THE PARADOX OF DEPRESSION
While most economists feel this will be a plain old-fashioned recession, a few economists fear we are heading for a depression, a huge decline in output of as much as 10%. It is worth asking, even if an economic depression is in the cards, why is that so bad?
To understand this seemingly bizarre question, consider the following: How was your standard of living just a few years ago, in 2004? If you are like most people, your material standard of living then was just fine. It was considered a good year for the economy, a year of low unemployment and high growth around the world. Since then, the economy of the industrialized world has grown about another 10%. So even if output in 2009 declines a full 10%, the economy will be approximately back where it was in a fairly recent, fairly rosy time.
This insight is far from new. John Maynard Keynes, in his famous 1930 essay “Economic Possibilities for our Grandchildren”, explained that the Great Depression that was just beginning did not mean a true end to prosperity. At that time the decline in output was considered enormous, over 7% of output. But Keynes reassured his audience us. He acknowledges that a market economy is subject to temporary dislocations and adjustment, even severe ones. But he adds:
And even so, the waste and confusion which ensue relate to not more than 7½ per cent of the national income; we are muddling away one and sixpence in the £, and have only 18s. 6d., when we might, if we were more sensible, have £1 ; yet, nevertheless, the 18s. 6d. mounts up to as much as the £1 would have been five or six years ago.
It is also likely that official production figures really overestimate the downturn. After all, even in times of zero growth the world progresses: new cures will continue to be found for diseases, new medicines will be introduced and old ones will go off-patent and the price plummets; the sophistication of mobile phones will continue to advance.
Adding to the puzzle, the villain in economic downturns always seems to be “excess capacity”. That means we have more factories than we need. That too is a paradox. It seems logical that the more capacity, the better. Wasn’t the Garden of Eden a place where all man’s needs were amply provided for?
Let’s get to the bottom of these puzzles. There are two main reasons that going back to the production level of 2004 would be traumatic. The first, less important one is that during the last few centuries we human beings have become accustomed to continuous progress, despite the fact that historically progress has been the exception rather than the rule. Modern man feels that if he is not moving forward, he is moving backward.
The more important reason is that the downturn does not affect everyone equally.Most people will see their standard of living stable or even rising. They continue to draw their old salaries, which will probably buy even more than before due to falling prices. But rising unemployment means that some people will find their standard of living plummeting. In normal times a lot of people lose their jobs too, but the vast majority of them find comparable jobs before their unemployment benefits run out. But in a recession it’s hard to find a good new job; many people remain unemployed or find jobs that pay much less than the old one.

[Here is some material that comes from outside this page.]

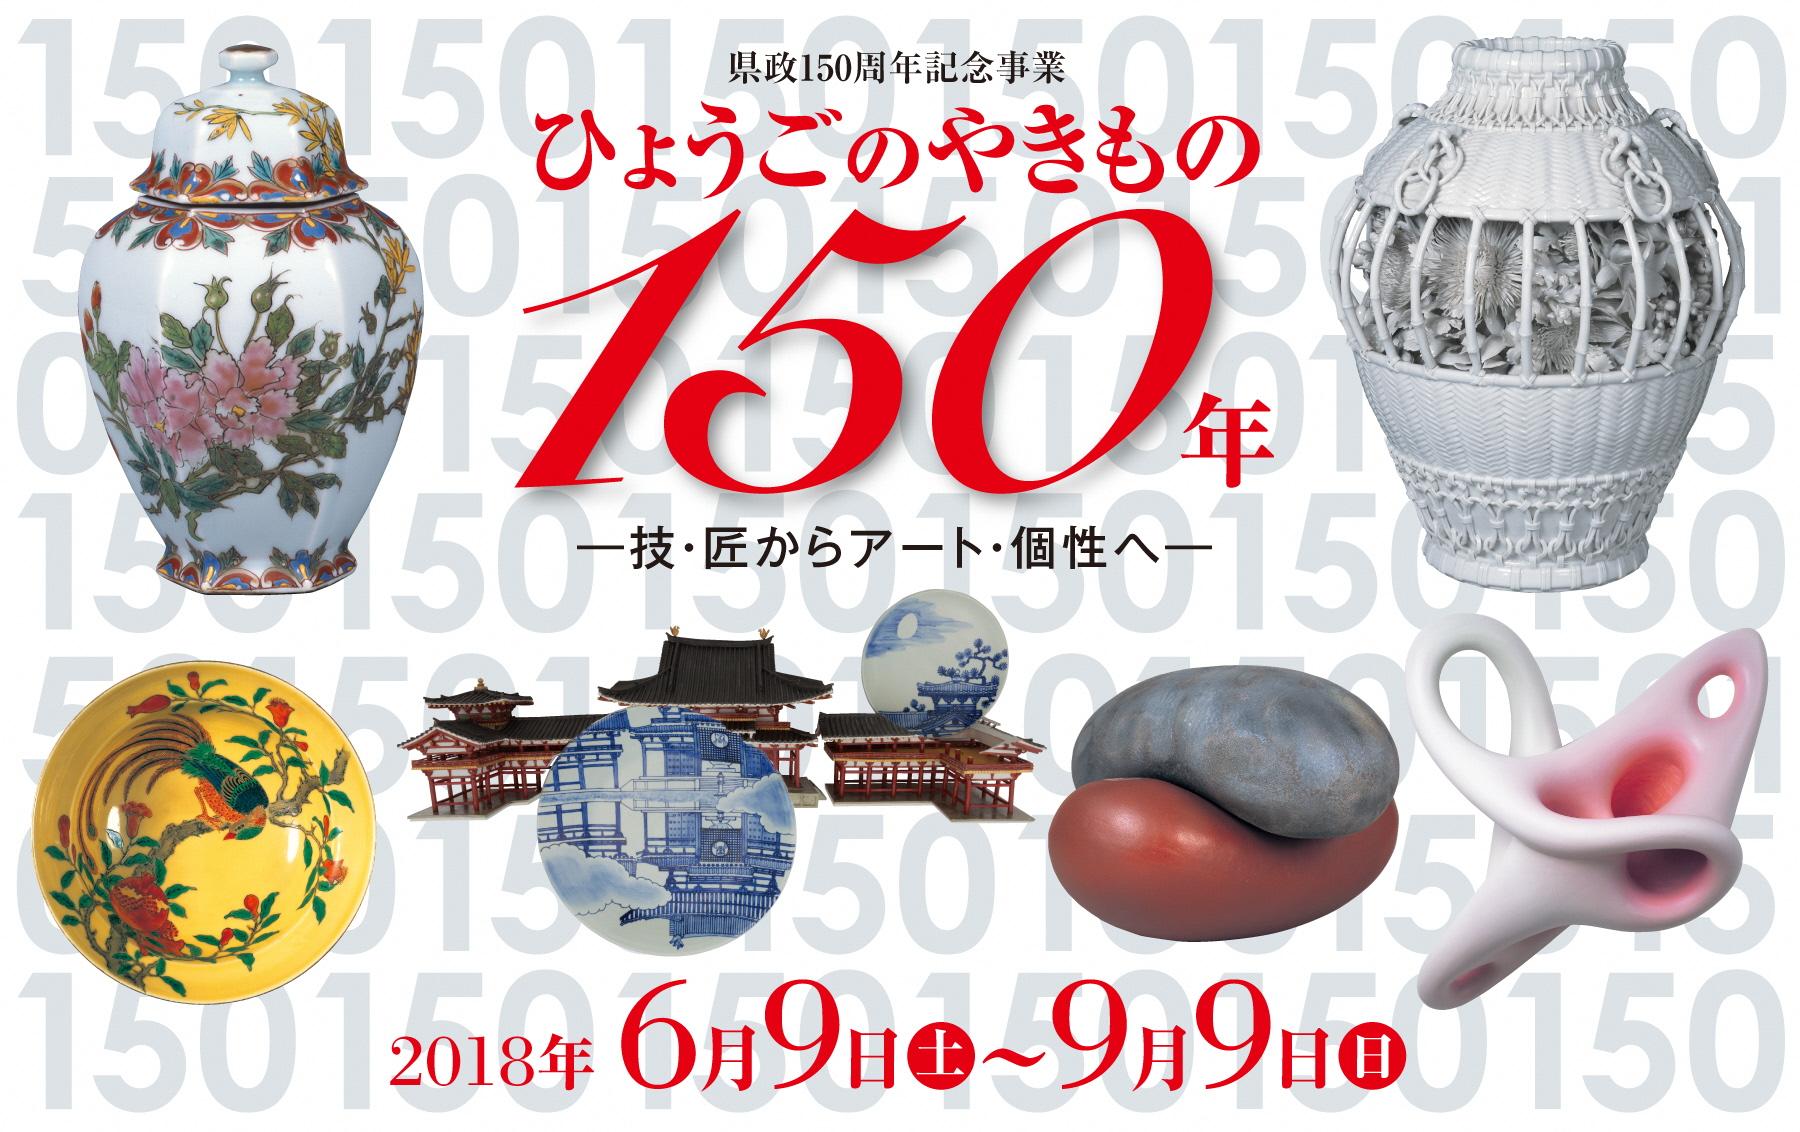 県政150周年記念事業 「ひょうごのやきもの150年―技・匠からアート・個性へ―」

It is not only a lack of a job that gets people down; the fear of job loss is also unsettling. In many countries, job security is the foremost concern for most workers. (According to the World Values Survey, about two thirds of workers in the average country named job security as either the first or second most important consideration in choosing a job. Interestingly, in dynamic Israel the figure is much lower; less than half have job security as such an important concern. In the rough and ready US, it is only about a third.)
So even though it is the overall loss of national income that defines a downturn as a recession or a depression, the slightly lower overall standard of living is not what makes it depressing. Much worse is a general feeling of stagnation and instability. When policy makers formulate a stabilization plan, they should make sure it addresses the underlying source of distress in economic downturns.